Florida Supreme Court deemed caps on wrongful death damages unconstitutional after the wrongful death of a woman occurred under the care and misguidance of physicians from a United States Air Force clinic.
In 2006, Michelle McCall, pregnant in the last trimester, had prenatal tests revealing she had high blood pressure and suffered from severe preeclampsia. These two conditions required that Ms. McCall have induced labor immediately. Because the OB/GYN department at the US Air Force medical center was temporarily unavailable to deliver Ms. McCall’s baby via cesarean section, the safest method delivery in McCall’s physical state, she was transferred by the facility’s doctors to nearby Fort Walton Beach Medical Center for care.
A few days later, Air Force physician Dr. Archibald arrived at the Fort Walton Beach Medical center to perform the prescribed cesarean section. It was soon determined, however, that she was suited to give birth vaginally. After giving birth, Michelle McCall suffered many complications, such as extreme loss of blood after the placenta had to be removed manually. This lead to a dangerous and prolonged drop in blood pressure that the Air Force nurse anesthetist responsible for monitoring McCall did not communicate to Air Force practicing doctors.
Under the assumption McCall’s vitals were stable, Dr. Archibald began to surgically repair the vaginal lacerations caused by birth. Dr. Archibald did so without checking her vitals, relying solely on the nurse’s communication that McCall’s vital signs were normal. The procedure and McCall’s continually dropping blood pressure led Dr. Archibald to order that the patient’s blood count be checked. Dr. Archibald then ordered a blood transfusion, which was never performed. Eventually Ms. McCall suffered cardiac arrest and was rendered unconscious. Ms. McCall never regained consciousness.
Michelle McCall’s estate sued the Federal Government for wrongful death, in which the District Court concluded noneconomic damages totaled $2 million.
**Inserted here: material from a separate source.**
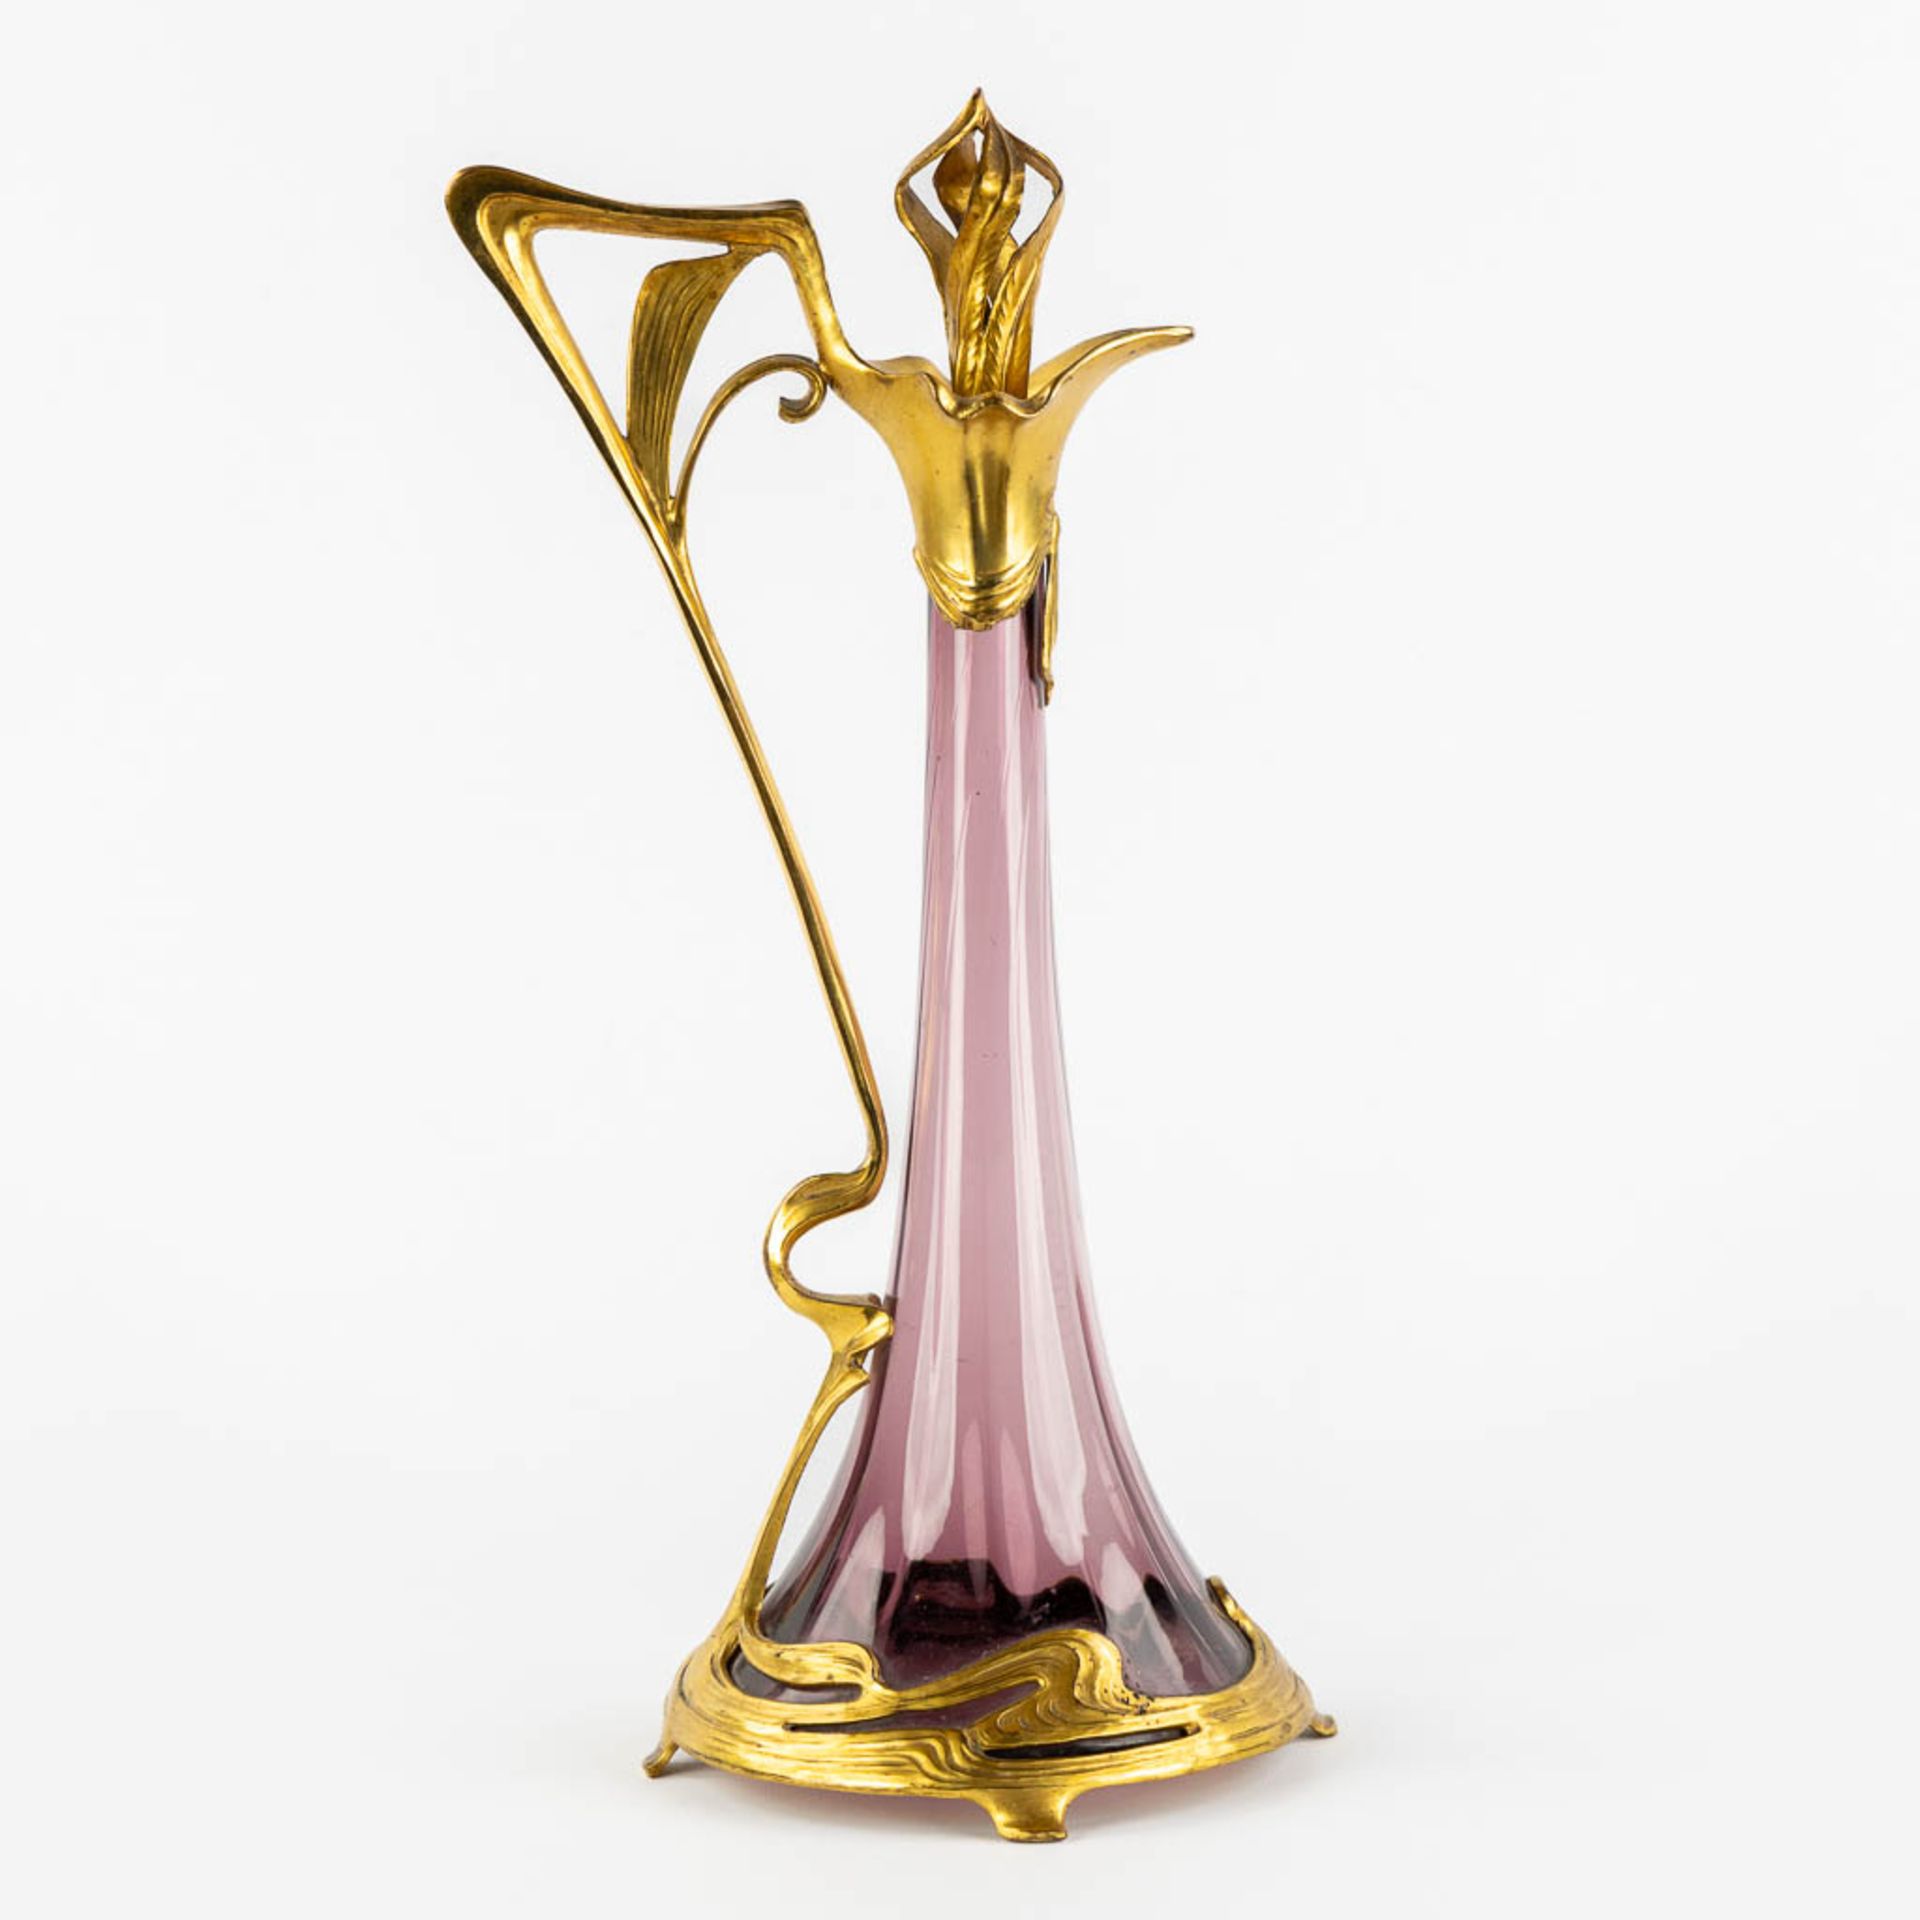 A pitcher, gilt metal and purple glass, Art Nouveau. (L:16 x W:20 x H:39 cm) - Image 3 of 11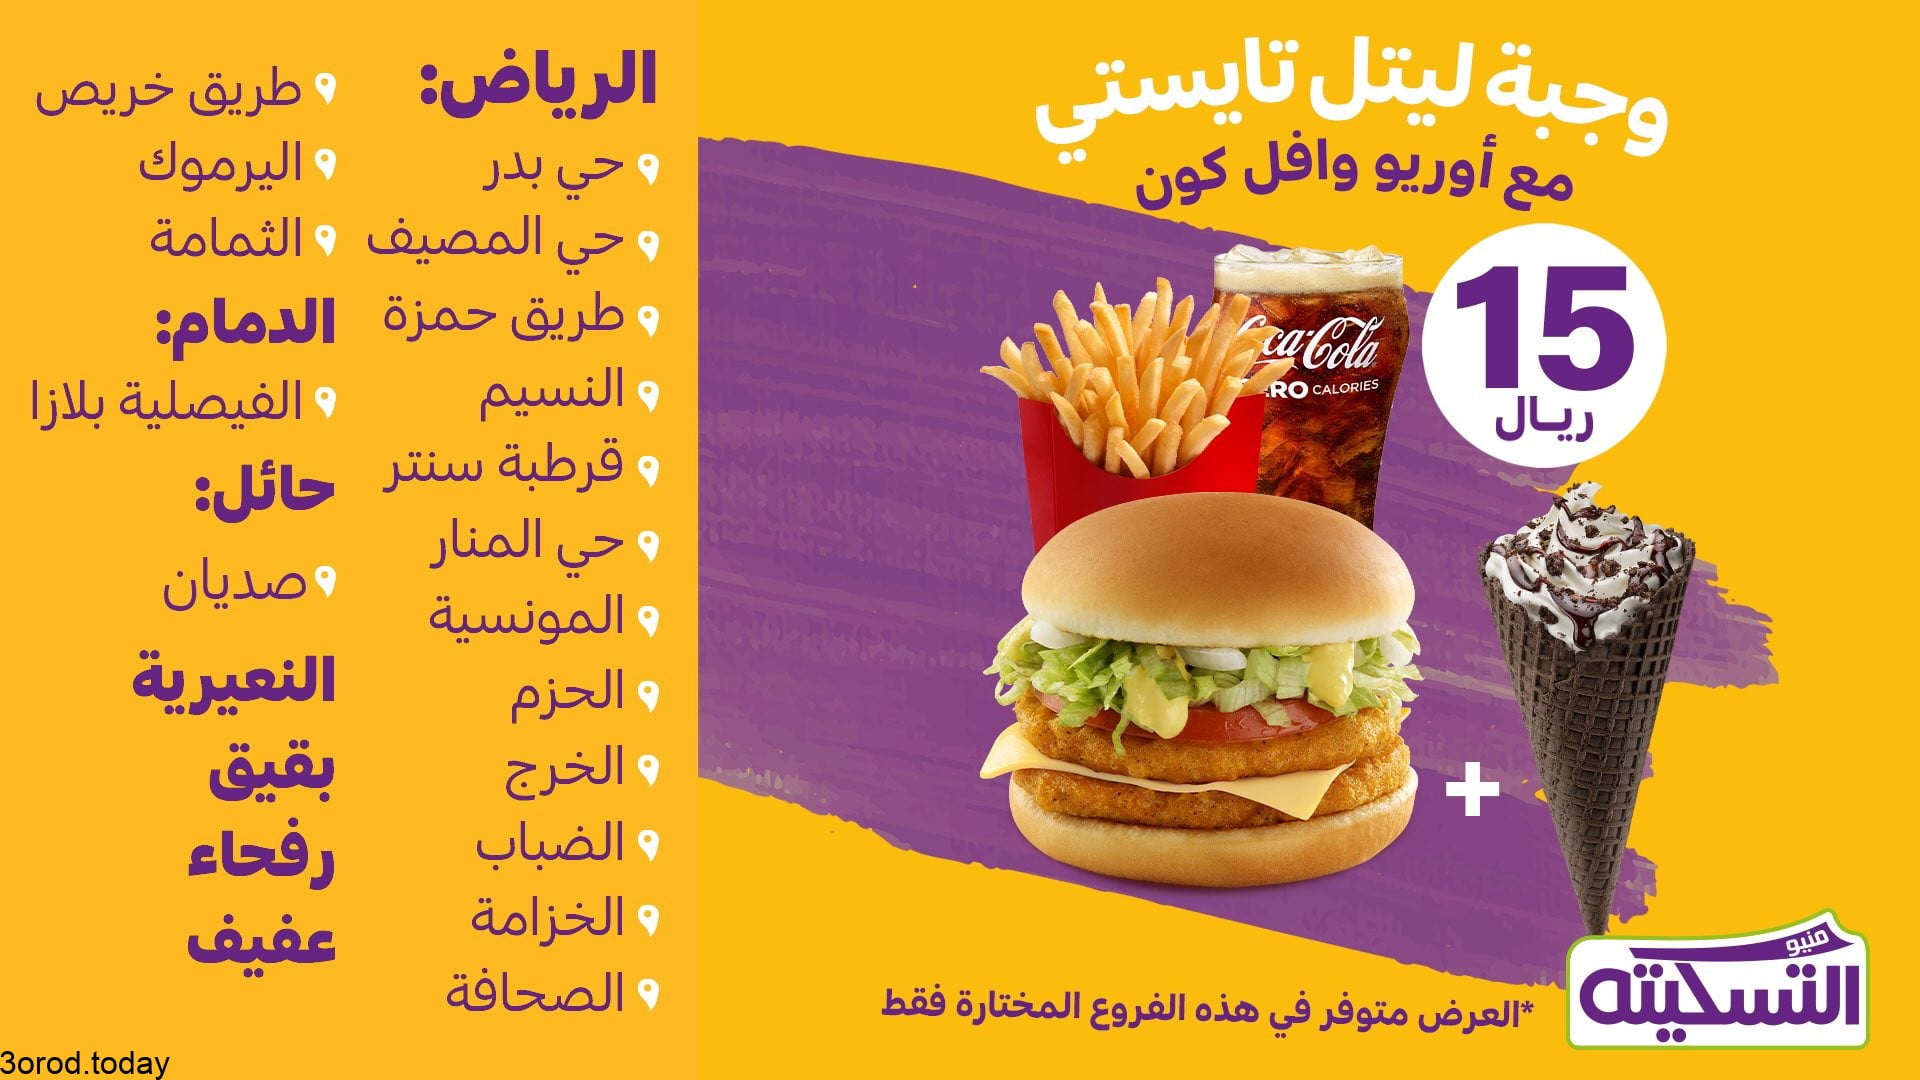 E cWRmGWQAQf6 - عروض المطاعم : عروض مطعم ماكدونالدز السعودية - الوسطى والشرقية بـ 15 ريال

However, the damages were limited to $1 million after applying Florida law’s previous statutory cap on noneconomic damages based on medical malpractice claims.
The damage cap was originally installed to lower statewide medical malpractice insurance premiums in hopes of attracting more doctors to Florida. Statistics revealed, however, that a “doctor shortage” in Florida was not actually a problem. Additionally, the law capping noneconomic damages was argued to discriminate against those who sustained serious injury or loss, as those in McCall’s case did. As a result, Florida Supreme Court lifted the cap as it violated the Florida state constitution’s equal protection clause.